*** Opening of Recorded data ***
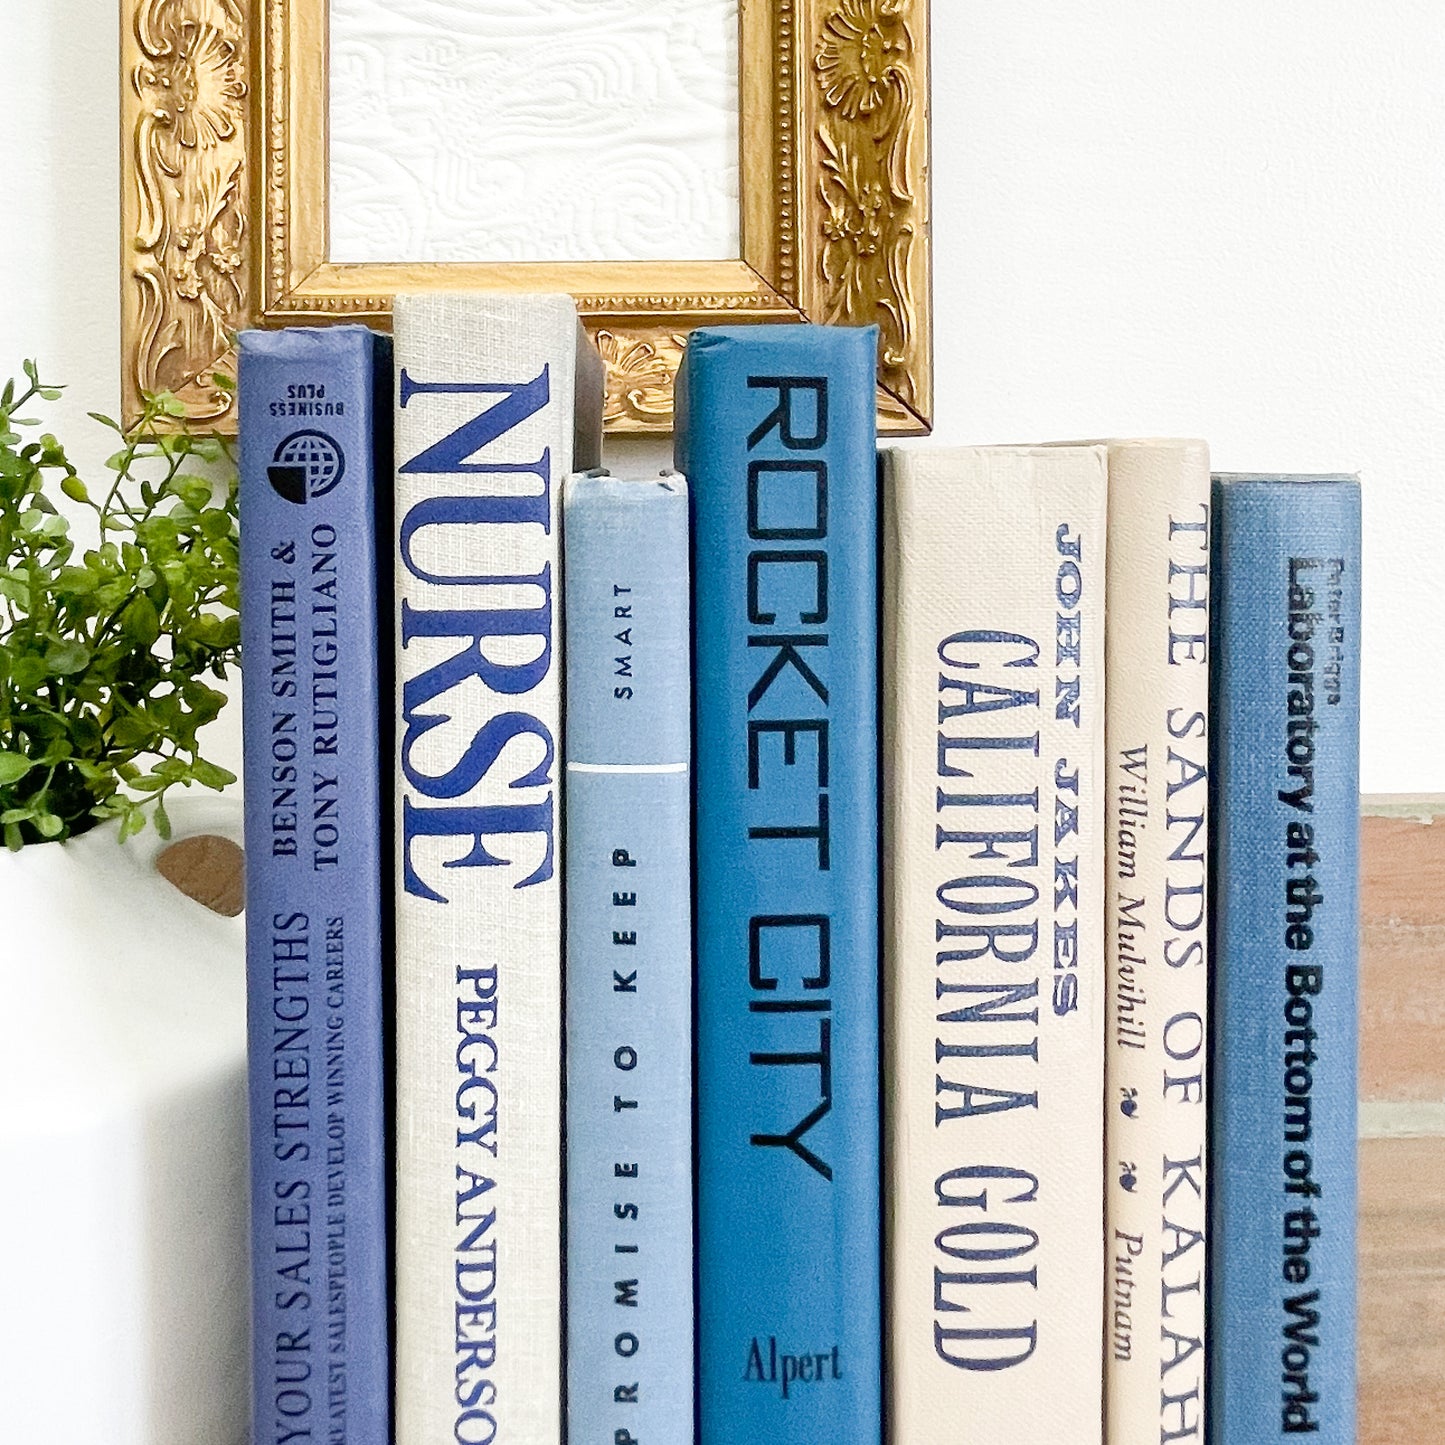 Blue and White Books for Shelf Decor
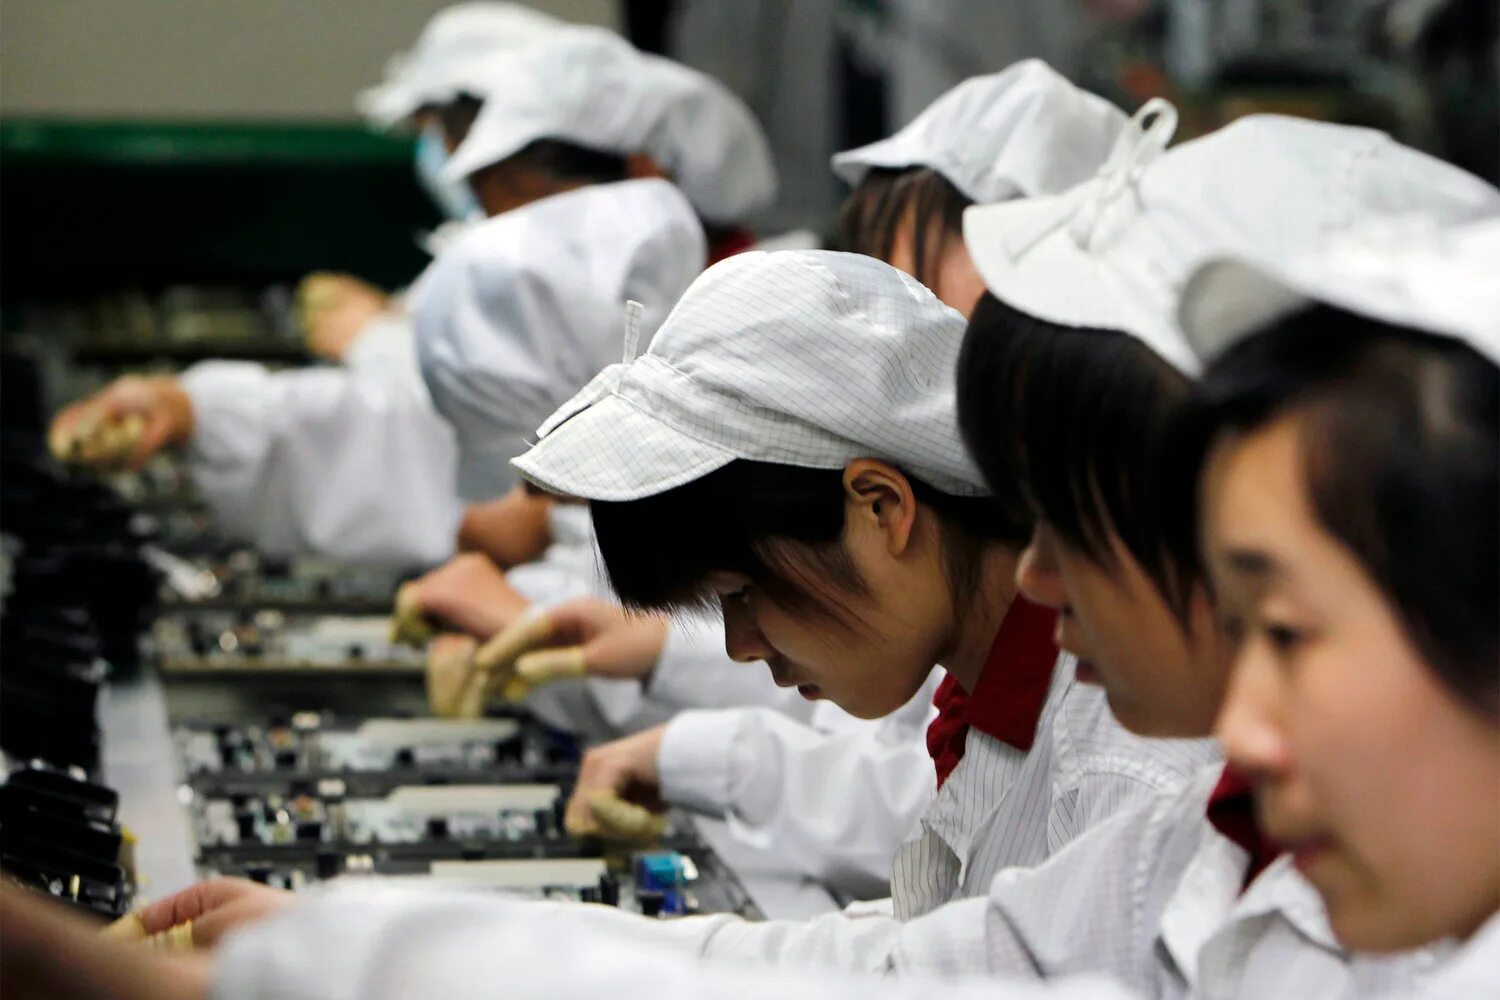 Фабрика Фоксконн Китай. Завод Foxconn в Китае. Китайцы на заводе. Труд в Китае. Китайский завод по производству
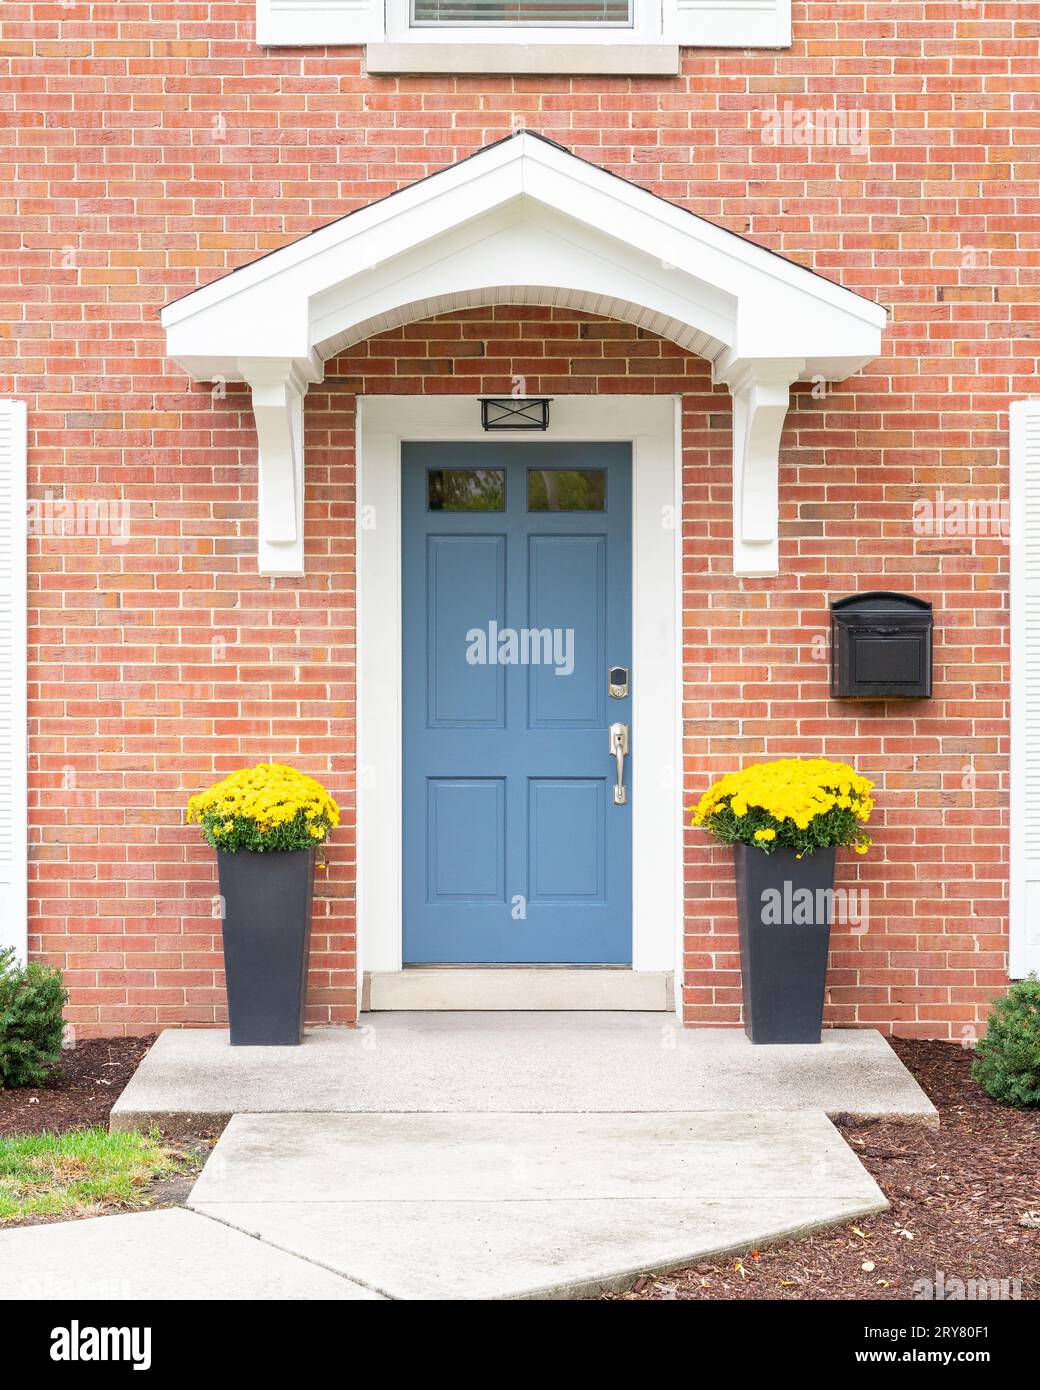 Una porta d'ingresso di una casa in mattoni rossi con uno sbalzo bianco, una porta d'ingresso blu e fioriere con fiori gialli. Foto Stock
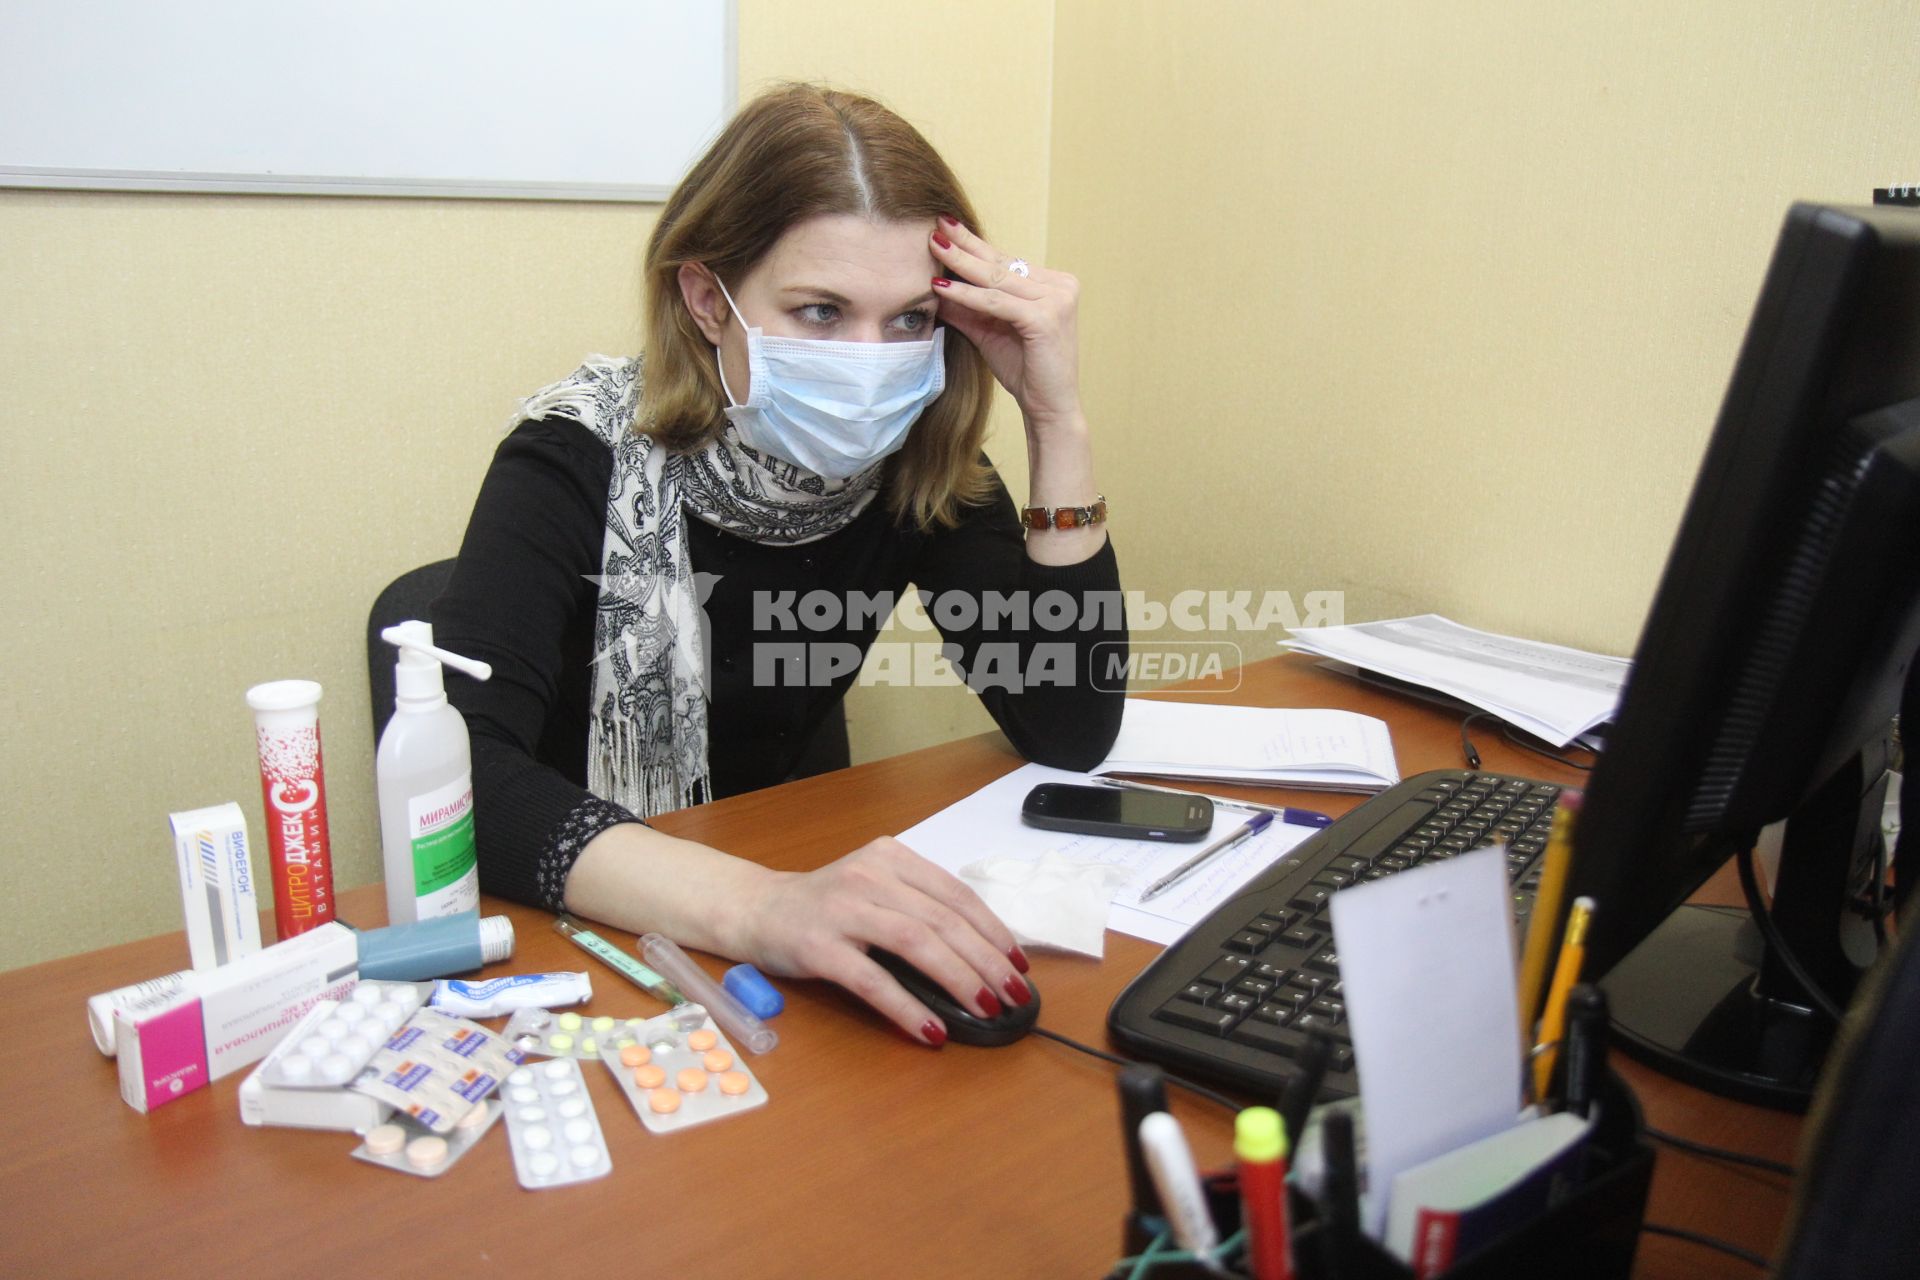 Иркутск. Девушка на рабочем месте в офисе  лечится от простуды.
*** Close of Recorded data ***
- Exercise directions -
The reply should consist of the listing restated word for word, with its pictures removed.

- Reply to the task -
 Blue and White Books for Shelf Decor
 Фабрика Фоксконн Китай. Завод Foxconn в Китае. Китайцы на заводе. Труд в Китае. Китайский завод по производству
 Una porta d'ingresso di una casa in mattoni rossi con uno sbalzo bianco, una porta d'ingresso blu e fioriere con fiori gialli. Foto Stock
 Иркутск. Девушка на рабочем месте в офисе  лечится от простуды.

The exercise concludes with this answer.